As the JMDB packages are stored on this personal website there will be problems downloading the latest JMDB releases until they have completed that task. Please excuse this inconvenience. Many thanks in advance!
2009-02-17
JMDB v1.36 refresh is available at the download section!
The refreshed version of the JMDB v1.36 is now available.
The only things changed between the first release and this one are two
more language files for Chinese mainland and Taiwan.
You don't have to update if you don't need the Chinese language files.
2009-02-06
JMDB v1.36 is available at the download section!

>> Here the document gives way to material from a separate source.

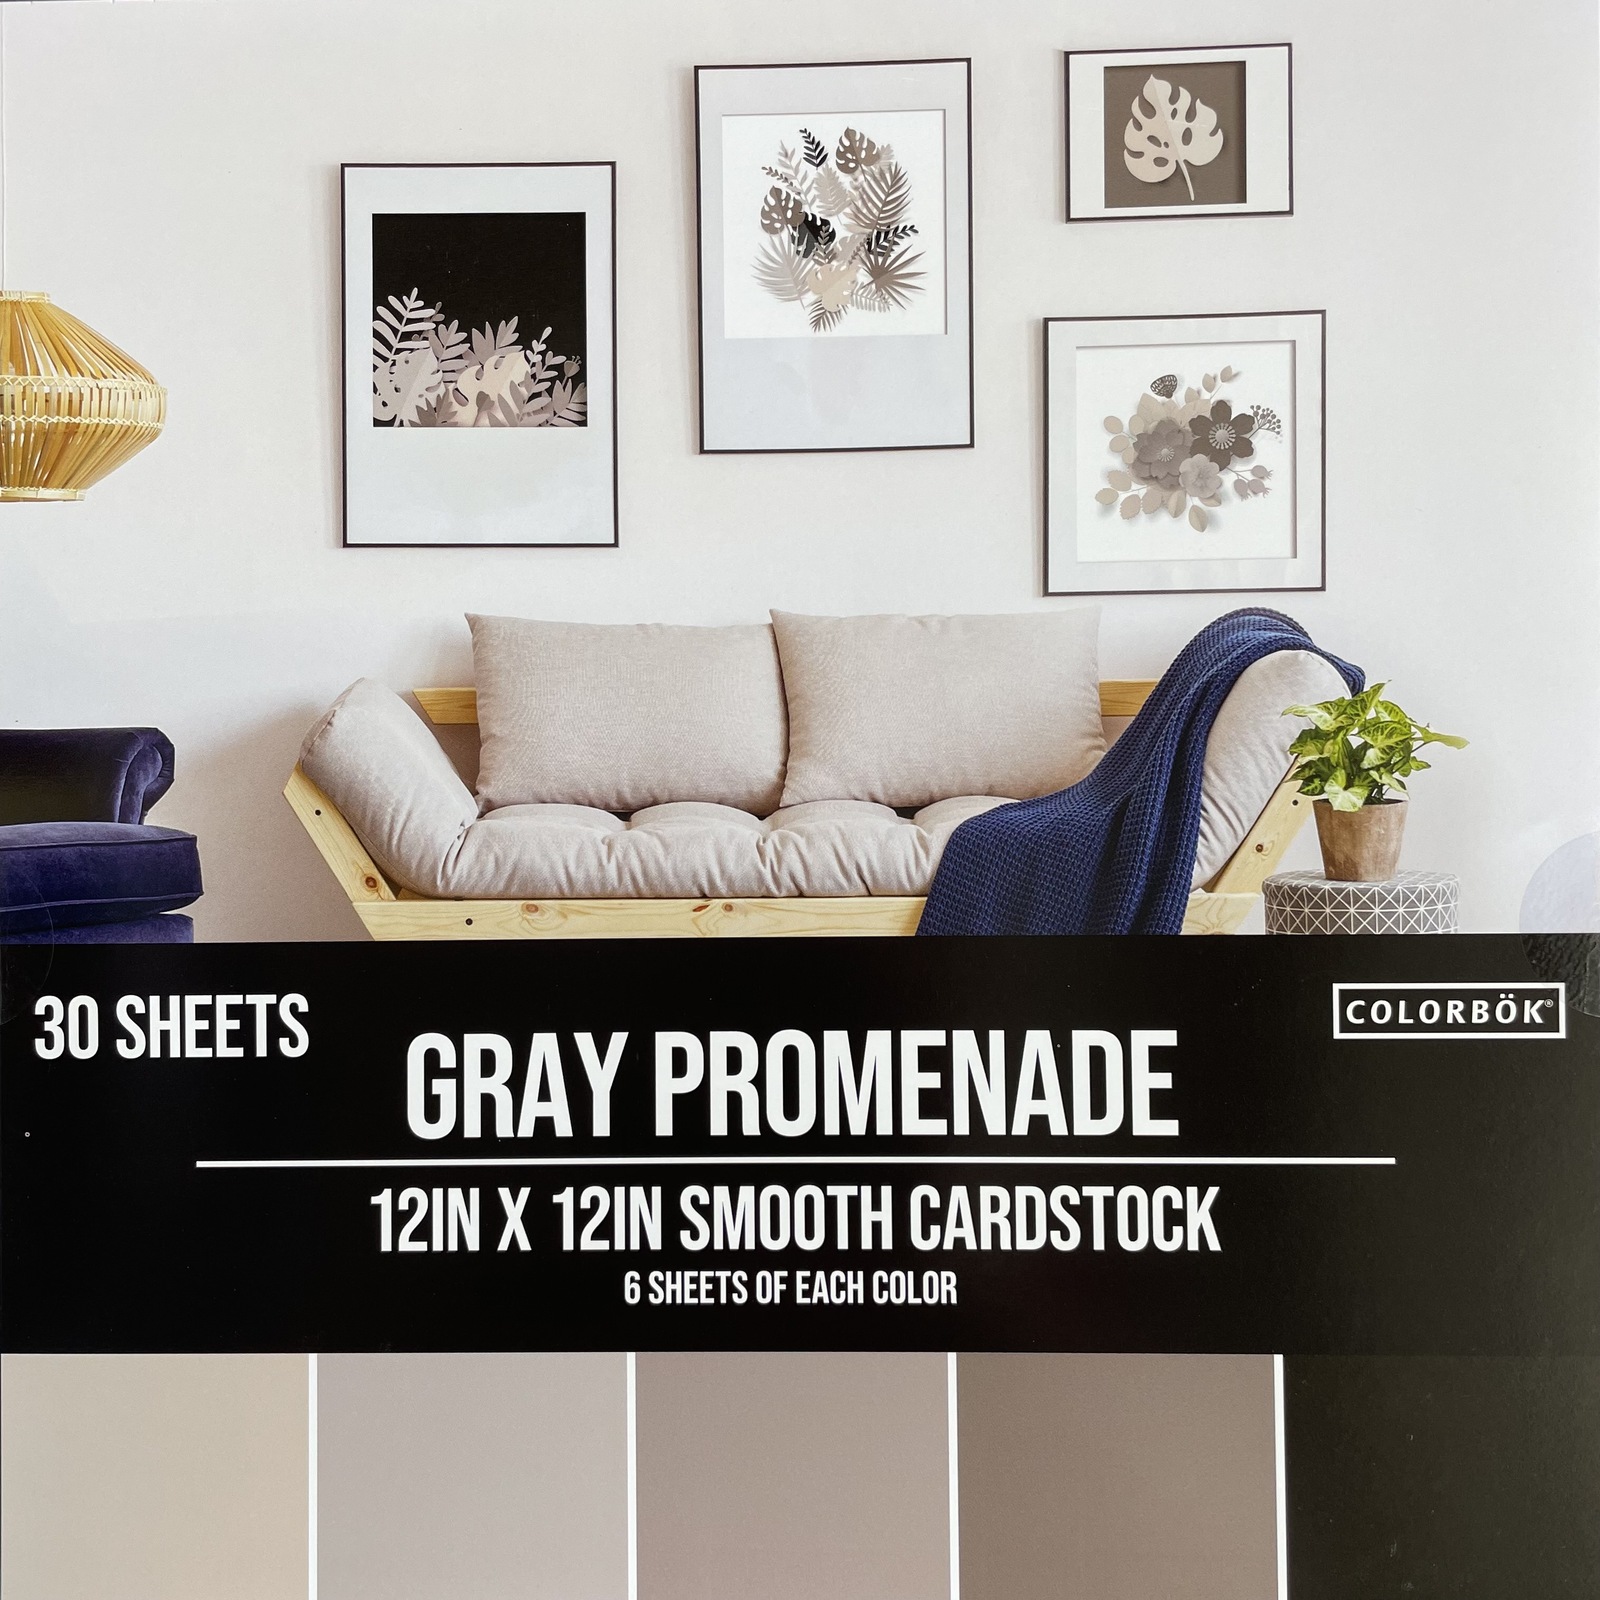 Colorbok 210gsm Smooth Cardstock 12x12 30 Pack Gray Promenade

The new JMDB v1.36 is now available. You should upgrade as soon as possible. As before there are installer packages for eComStation (OS/2), Windows and a simple ZIP archive for most other operating systems available. JMDB can be used on every platform where a Java runtime (Java >=1.2) is available. Some smaller enhancements are also available for Mac OS X users.
2009-02-05
JMDB v1.36 will be available shortly!
There has been a problem with the aka-titles.list(.gz) for some time now
that the upcoming JMDB release v1.36 will fix. The startup scripts
will also be updated. I've already created the JAR file of the new version
but I have to update the documentation and create the installation packages
for each of the operating systems.
I also still work on JMDB v1.40 which will follow next. That release will
include the database changes I already talked about.

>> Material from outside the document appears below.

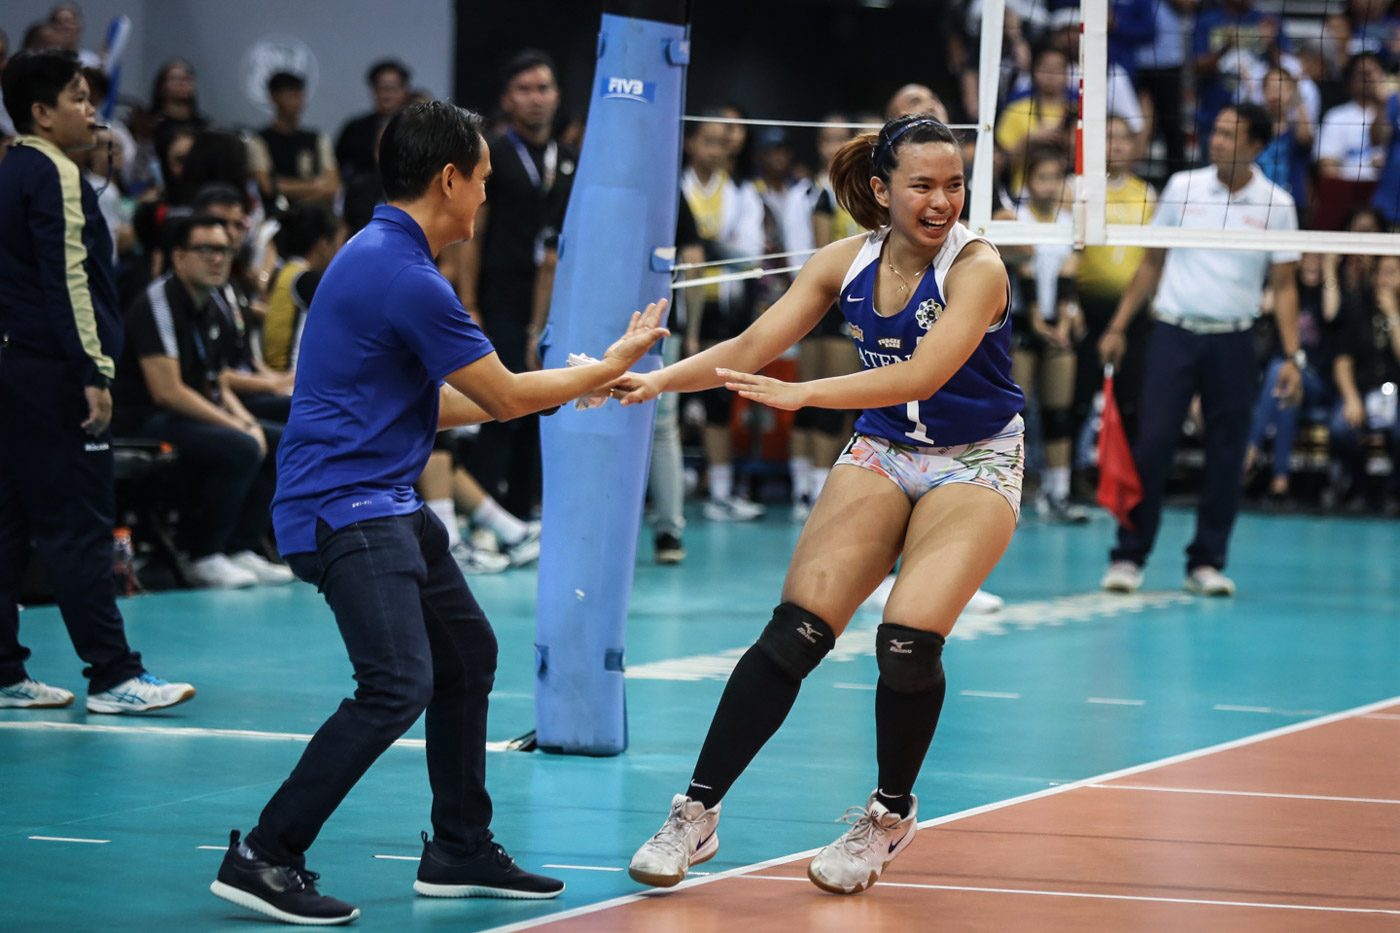 Another Ravena rises as Dani impresses in Ateneo must-win

As you might have noticed I also updated the IMDb data development picture at the entry page. The update of the startup scripts for JMDB v1.36 is also because the limit for the import with 300 MB memory has been reached again. If you haven't updated the -Xmx parameter yet you should have seen the OutOfMemoryException warning. I got it when I tried to import the IMDb data from 2009-01-30 with Java 1.6.0_11-b03 on Vista (32Bit) and JMDB was processing the biographies.list(.gz) file.
Finally the news section has been extended to reflect we now have 2009. I think this will be a great year for JMDB. There might even be a JMDB-Mobile version with a subset of IMDb data. More on that when I released JMDB v1.40.